DATA SHOWN:

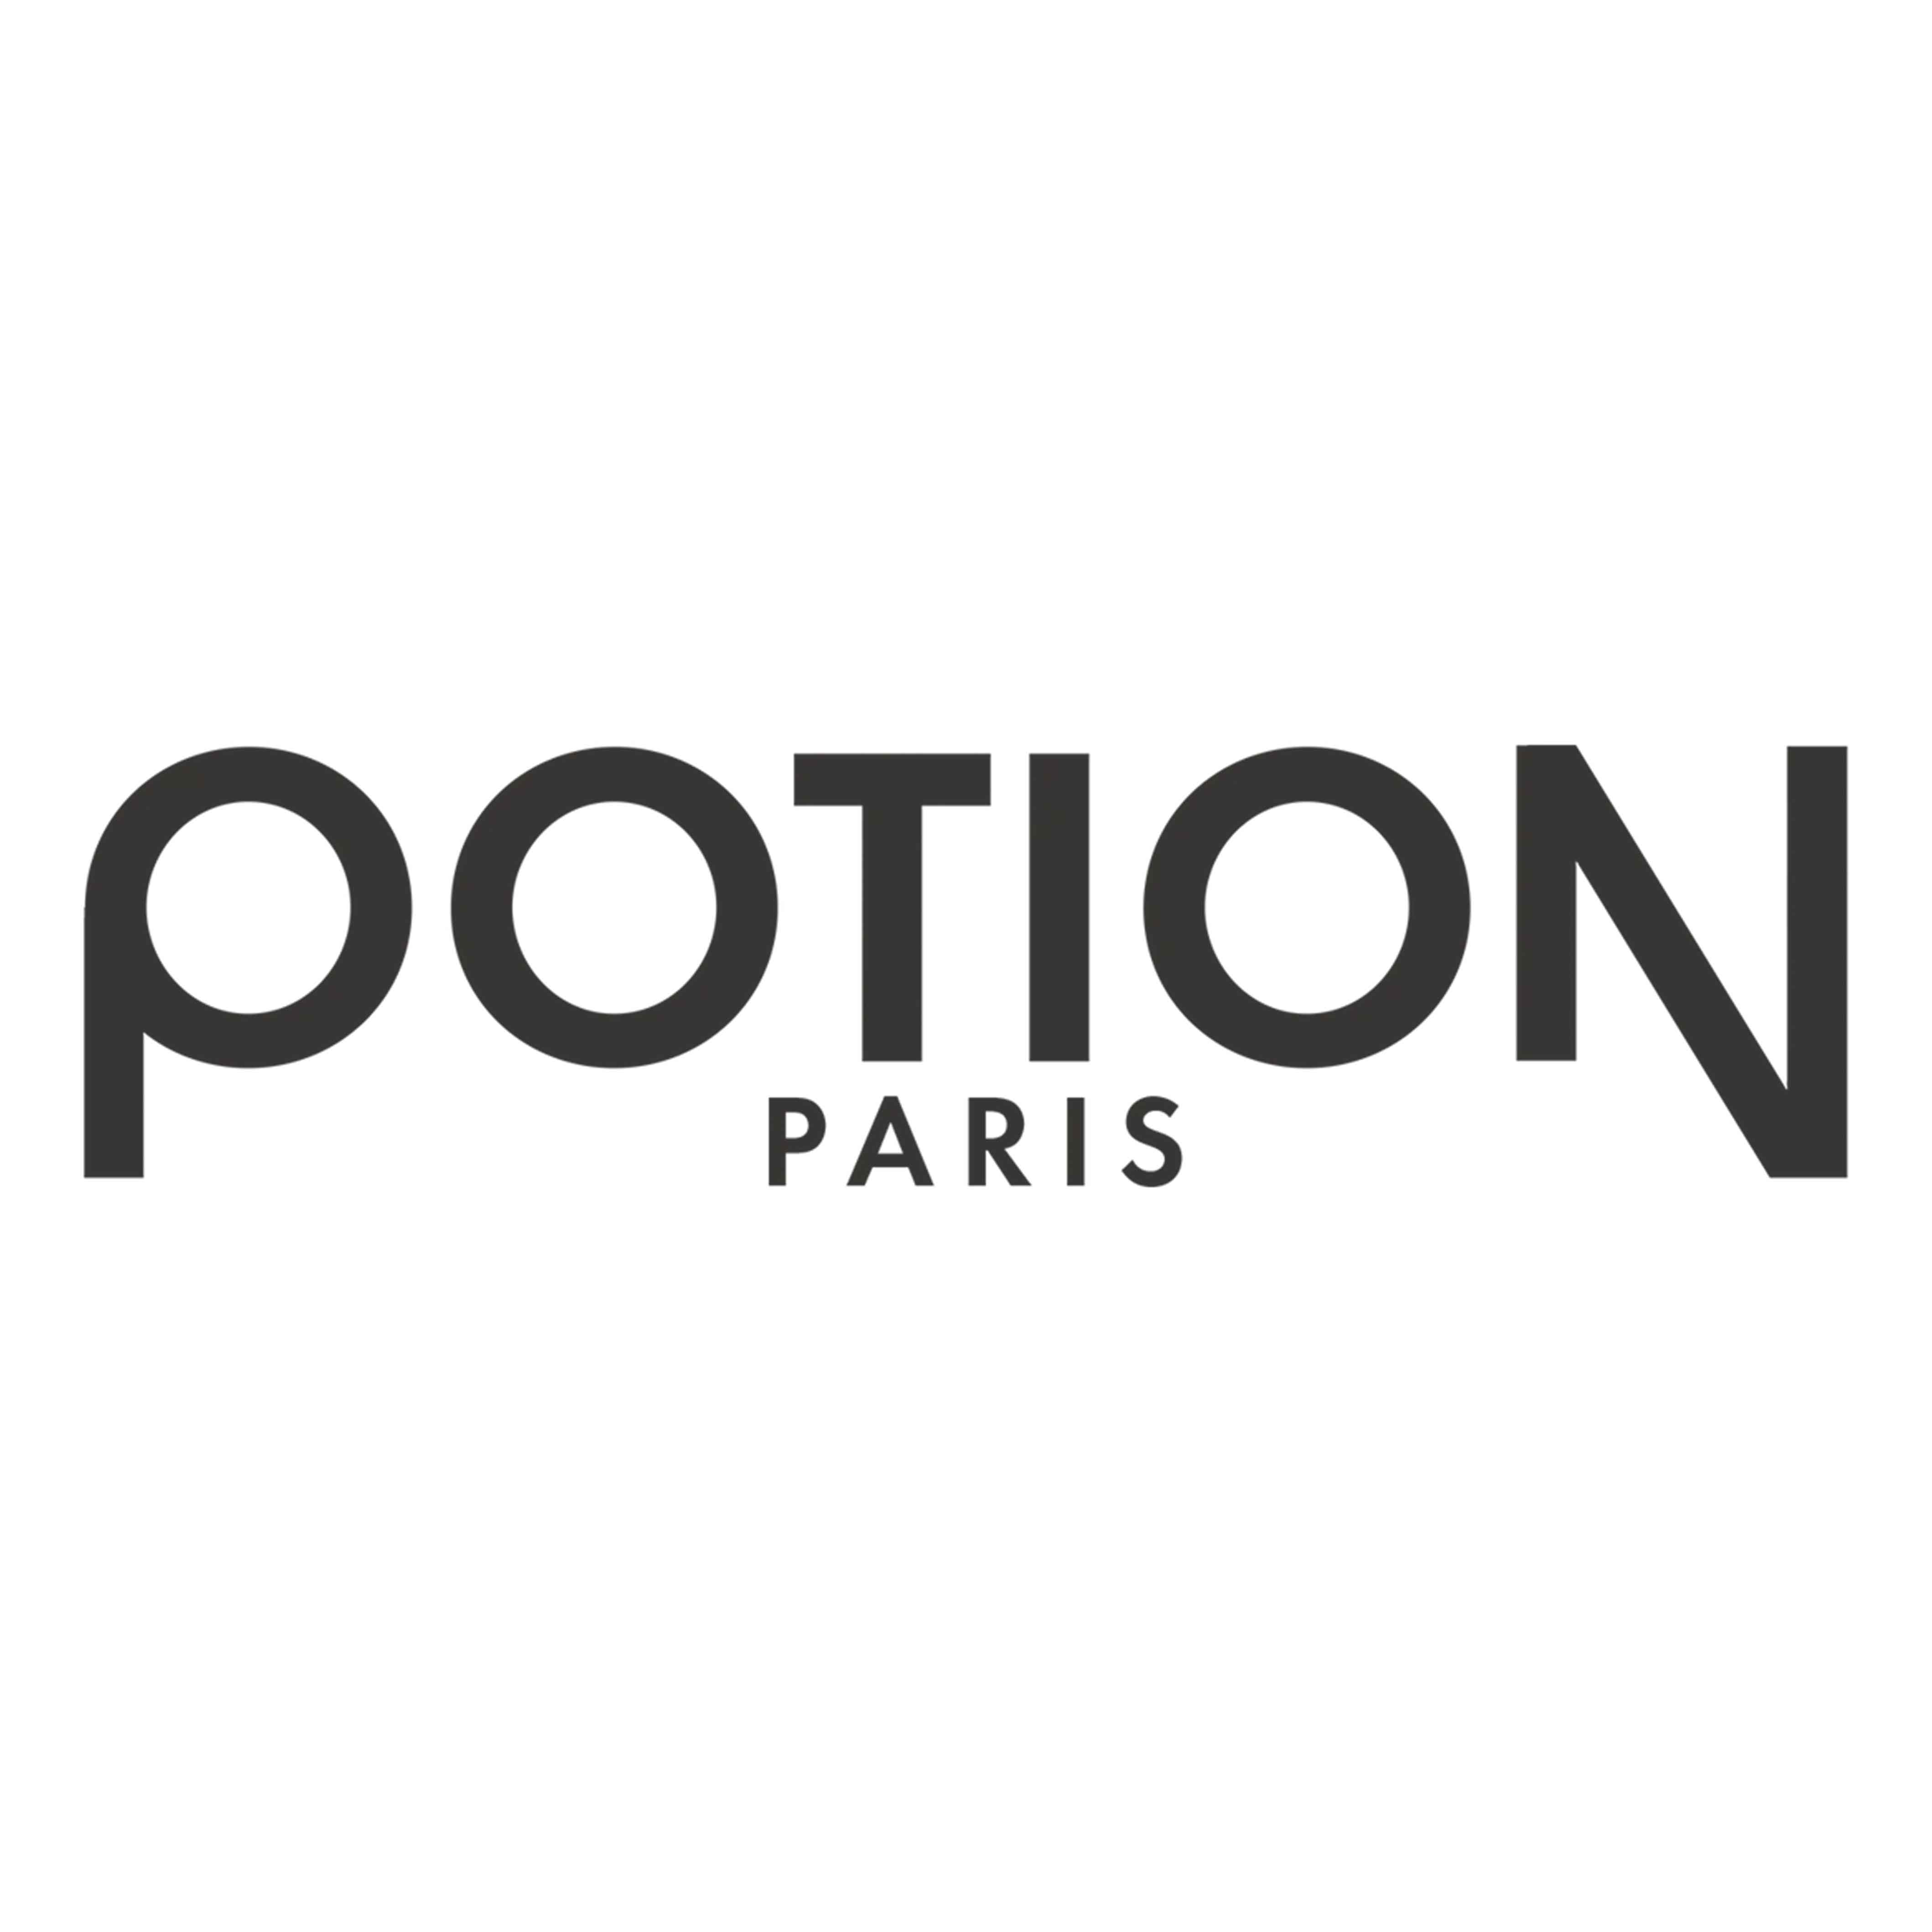 Potion Paris coupon codes
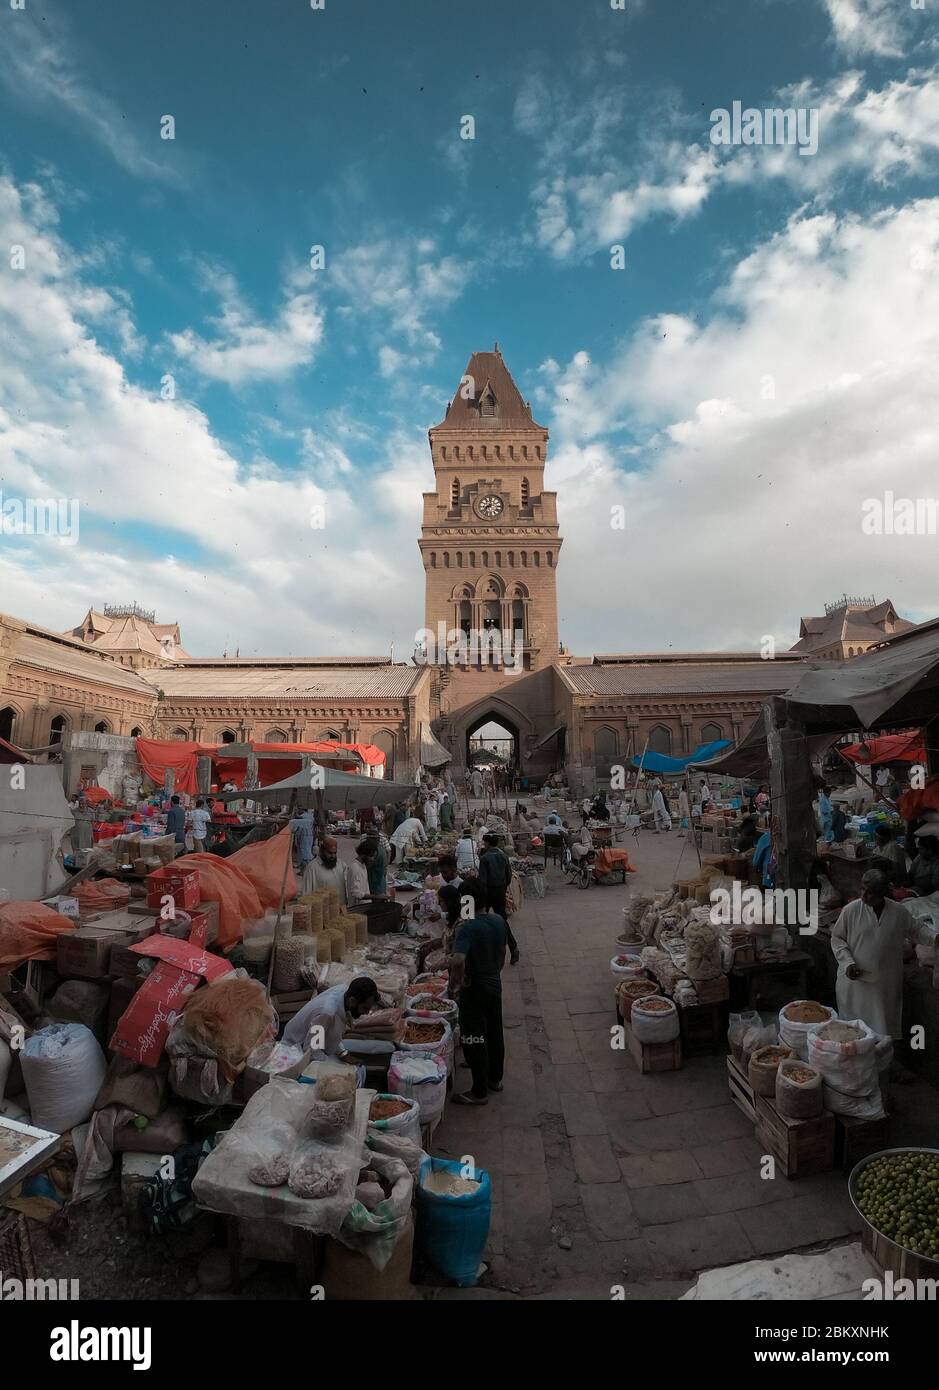 La belle architecture du marché de l'impératrice Karachi Bâtiment, UN site historique à Karachi, Sindh, Pakistan 09/09/2019 Banque D'Images
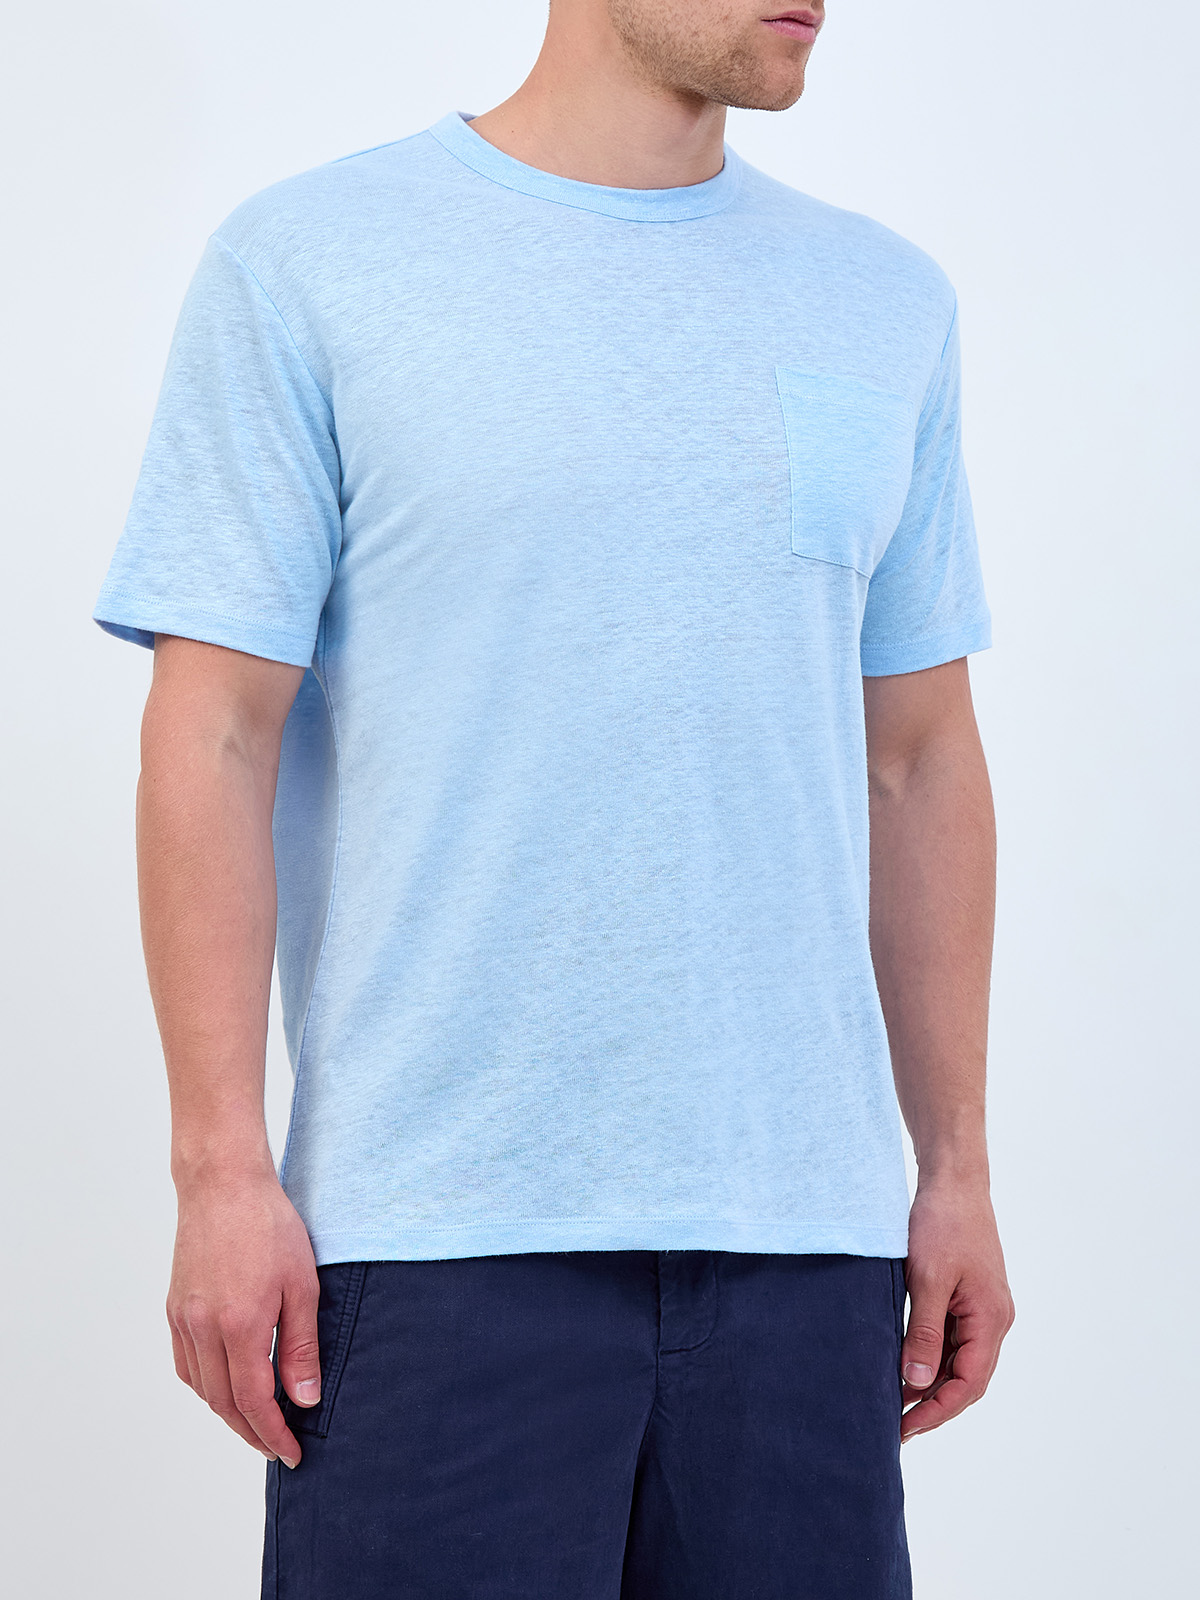 Свободная футболка из меланжевого льна с контрастной вышивкой MC2 SAINT BARTH, цвет голубой, размер M;L;XL;2XL;3XL;4XL - фото 3

EXERCISE: Copy the data exactly. Any picture it contains is to be omitted.

EXPECTED ANSWER:
 Potion Paris coupon codes
 La belle architecture du marché de l'impératrice Karachi Bâtiment, UN site historique à Karachi, Sindh, Pakistan 09/09/2019 Banque D'Images
 Свободная футболка из меланжевого льна с контрастной вышивкой MC2 SAINT BARTH, цвет голубой, размер M;L;XL;2XL;3XL;4XL - фото 3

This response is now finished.